(THE DATA)
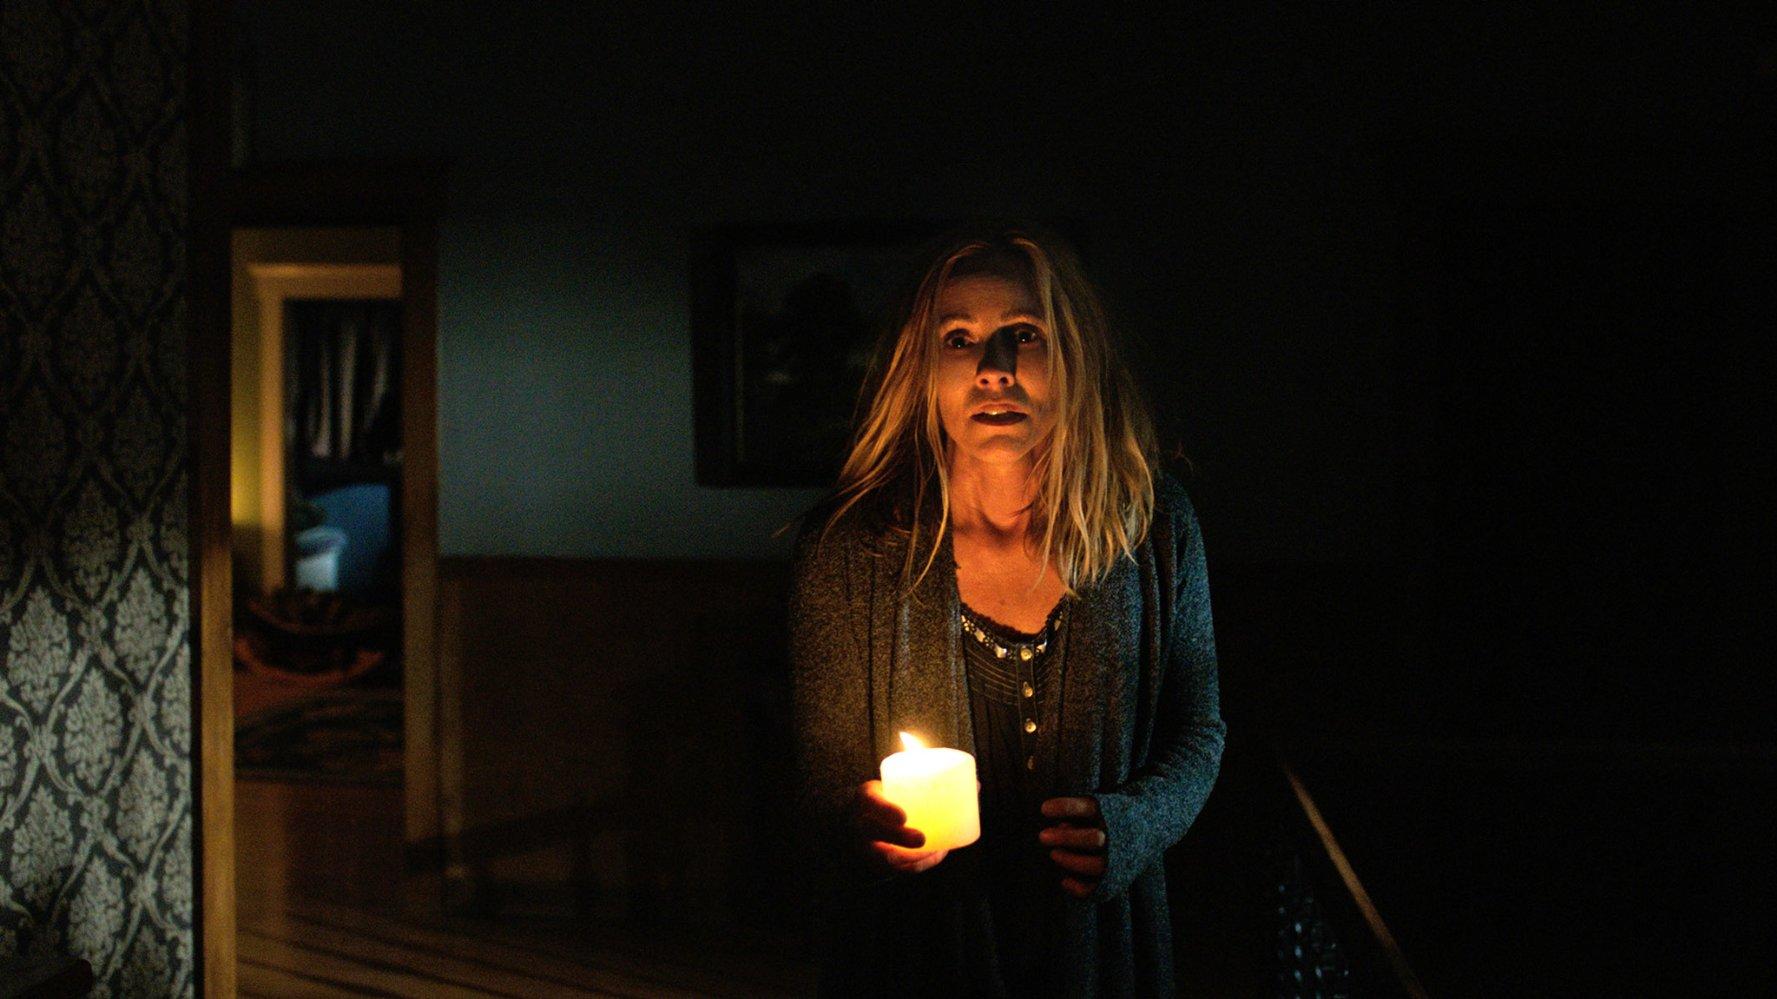 معرفی فیلم Lights Out: تصویری واقعی از تاریکی
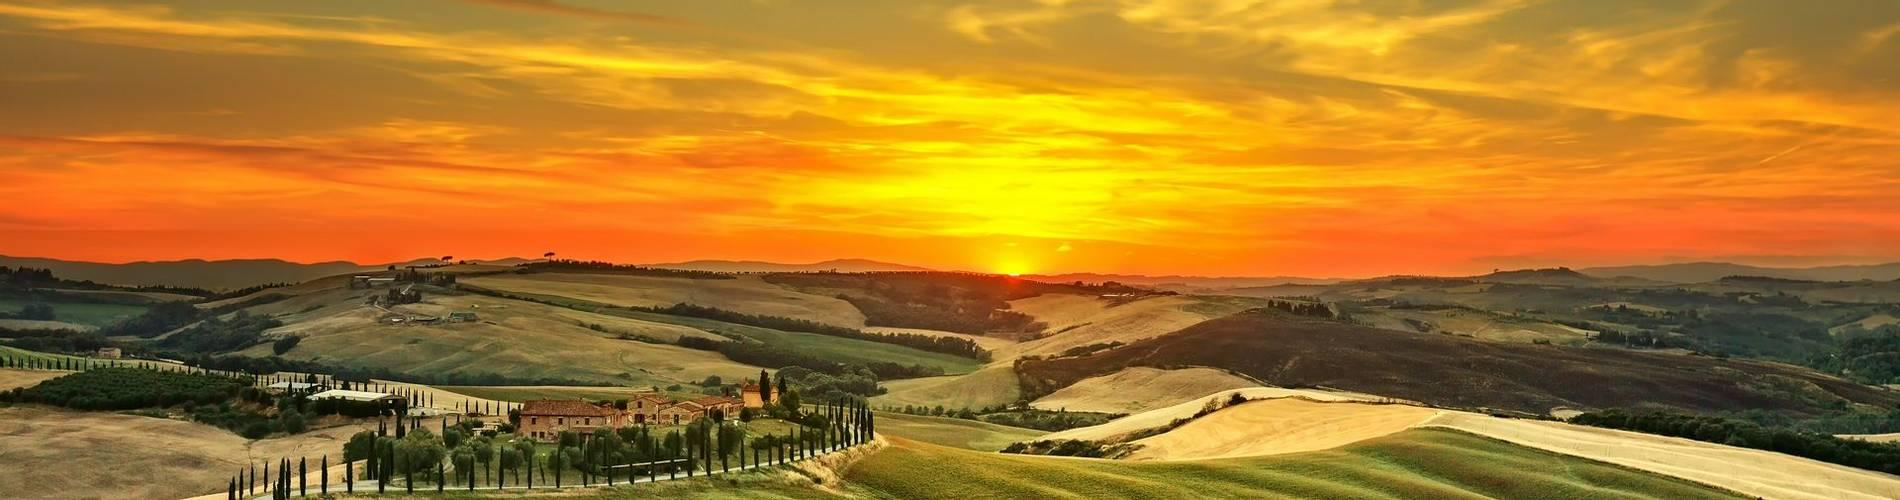 Tuscany & Umbria Intro Image.jpg
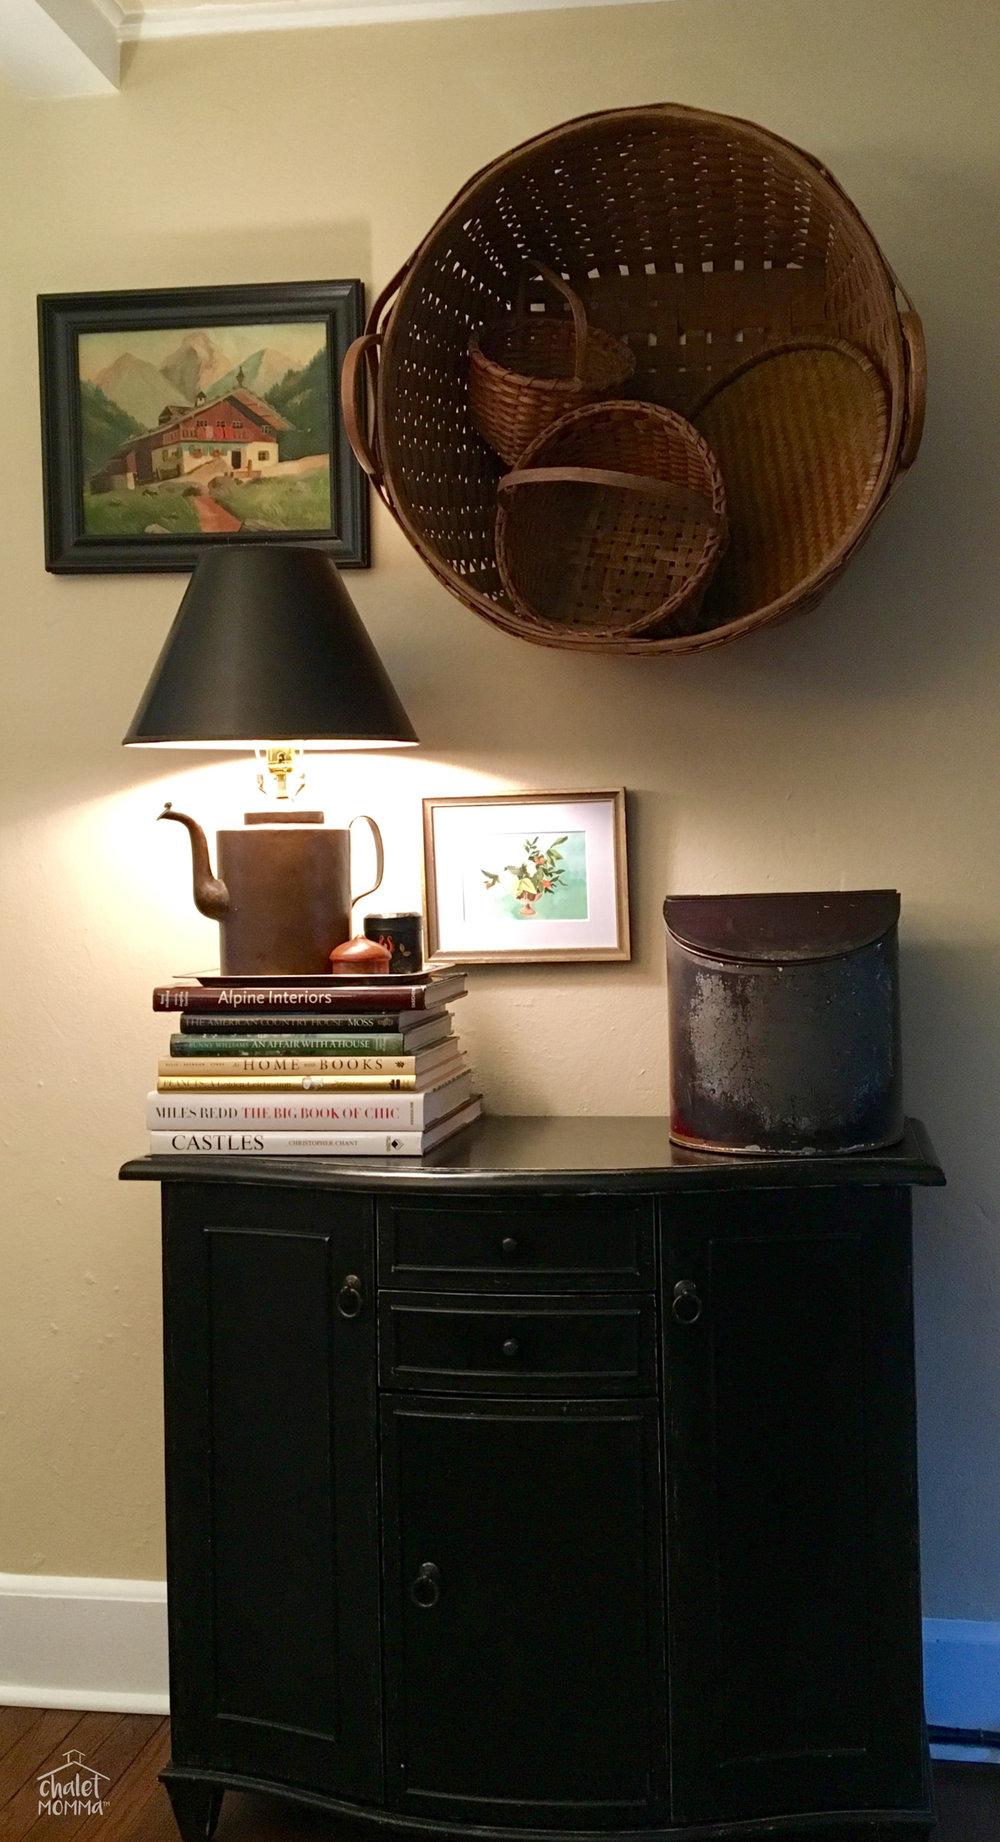 baskets in diningroom.jpg
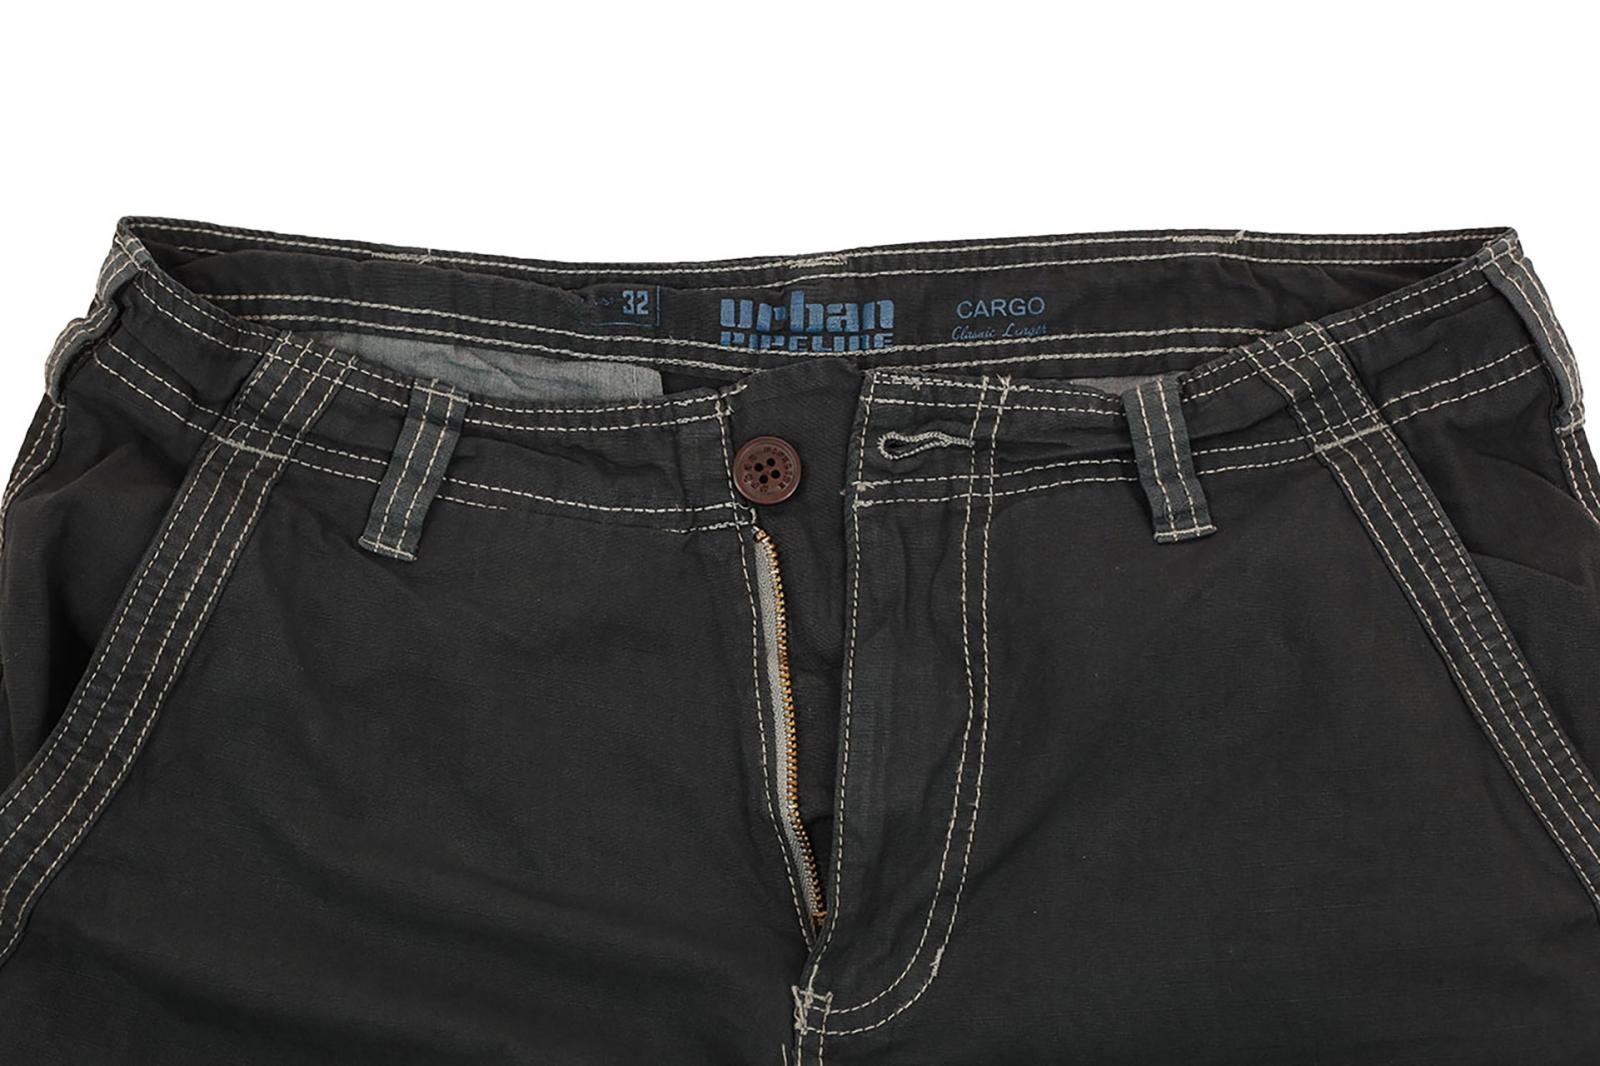 Универсальные мужские шорты Карго от Urban с доставкой

(WHAT IS REQUIRED) Everything from the line with "Tuscany & Umbria Intro Image.jpg" through the last line above must be repeated exactly, except the pictures.

(OUTPUT)
 Tuscany & Umbria Intro Image.jpg
 baskets in diningroom.jpg
 Универсальные мужские шорты Карго от Urban с доставкой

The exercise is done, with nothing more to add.